Promo’s 1998 Annual Report of the Promotion Industry shows impressive growth – up seven billion dollars, or 10 percent, from last year. This windfall of promotion spending, bulging in just about every pocket of promotion’s trousers, naturally has made the promotion agency business a happy one to be in right now.
How much of this growth should be credited to the “heat” of the economy versus the “cool” of promotion per se is open to debate. Obviously, much of the good news for agencies is a result of the long drum roll of promotion department divestitures by corporate America. The majority of companies have decided that their promotion needs are best handled by outside resources. Not that there’s anything new about that – it’s been happening for years.
But why?
One explanation is that corporations have downsized or demolished their promotion departments as part of an overall drive to reduce overhead. You know, the Al Dunlapschool of buzz-cut management. It’s somewhat ironic that promotion, arguably the most accountable of all the marketing disciplines, was not spared by the green-eyeshade crowd. For all the inherent measurability of promotion, we apparently still haven’t done enough to prove our value.
Another possible reason could be the growth of promotional activity among non-traditional categories, such as hi-tech, health care, and automotive. It could be that these companies are more comfortable experimenting with the lower-level, temporary commitment of engaging an agency before they invite promotion to move in. In a similar vein, the growth of promotions on the Web is still so new that companies may prefer to develop them at arm’s length before going for a full in-house embrace.
Then there’s the talent thing. On balance, the agency environment is better positioned to attract what little promotion talent is available because agencies offer a wider variety of opportunities, including the opportunity to make titanic sums of money. So it could be that corporations are inclined to hire promotion agencies – as opposed to hiring their own internal people – because that’s where the talent is. That’s certainly a pleasant, ego-lifting thought for our many friends in the promotion agency business.

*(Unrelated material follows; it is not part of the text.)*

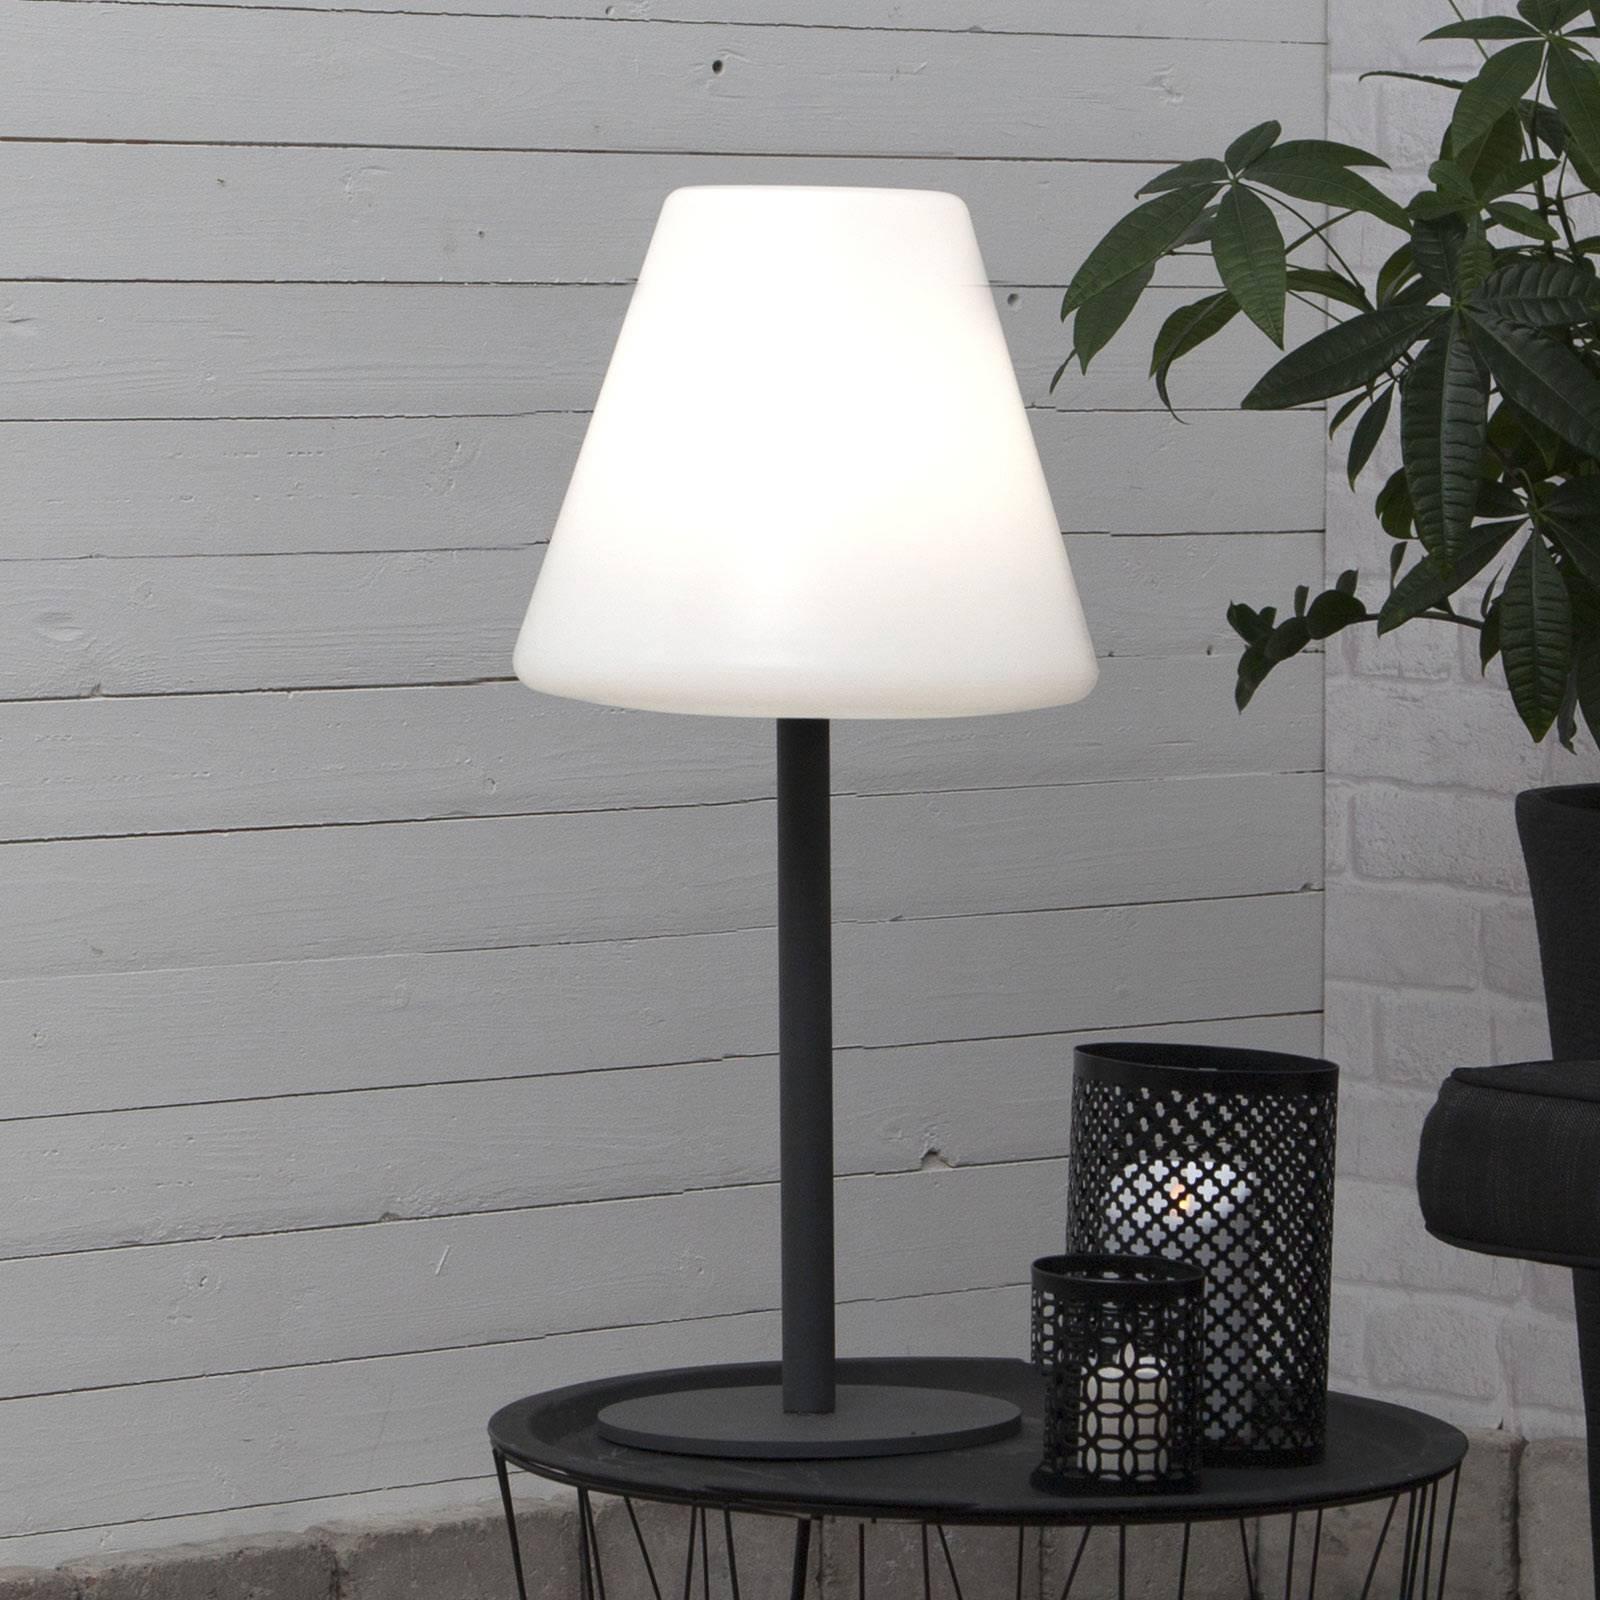 Terassivalaisin Gardenlight Kreta, 60 cm

We really don’t want you to get so comfortable, though. That’s not a healthy thing.
Good news or bad news? We submit the corporate tendency toward promotion outsourcing is holding back the advancement of promotion as a strategic discipline. Think about it. If there’s no promotion department, there likely is no promotion champion within the organization – no one who really understands that promotion is, not just a short-range sales trigger but a long-range brand and consumer relationship builder.
In promo’s July ’98 issue, publisher Kerry J. Smith decries “the gulf that still exists between those with expertise in promotion marketing and those with overall marketing responsibility.” This functional gap between agencies and their clients truly is a pivotal issue. As we see it, absent a promotion department – or at least a senior-level marketing executive steeped in the promotion discipline – it is difficult indeed for promotion to take its place at the strategic marketing table.
For corporate marketing departments genuinely interested in getting the most out of promotion marketing’s potential, it makes sense to ramp up an in-house promotion group. That way, promotion will be given a better chance to grow and prosper as a member of the marketing family, as opposed to the wayward, black-sheep outcast it so often becomes.
The challenge of home-growing a corporate marketing department is, of course, more than some companies want to undertake. Alternatively, they might think about acquiring one of the many smaller, high-quality agencies and installing it in-house. That would be a quick-and-easy way to introduce a high-level quality of promotion marketing prowess to their marketing mix. Whether an agency would want to be sold off for such a purpose is another matter.
Ultimately, it falls to the promotion agencies to demonstrate some leadership and sell their clients on the idea that until they commit to developing an in-house promotion capability of some kind, they will be vulnerable to competitors who do. No doubt about it: Promotion, done right and strategically, gives brands a powerful marketplace advantage. At the same time, there’s just no way promotion can realize its strategic potential when the folks who know how to do promotion right are always on the outside looking in.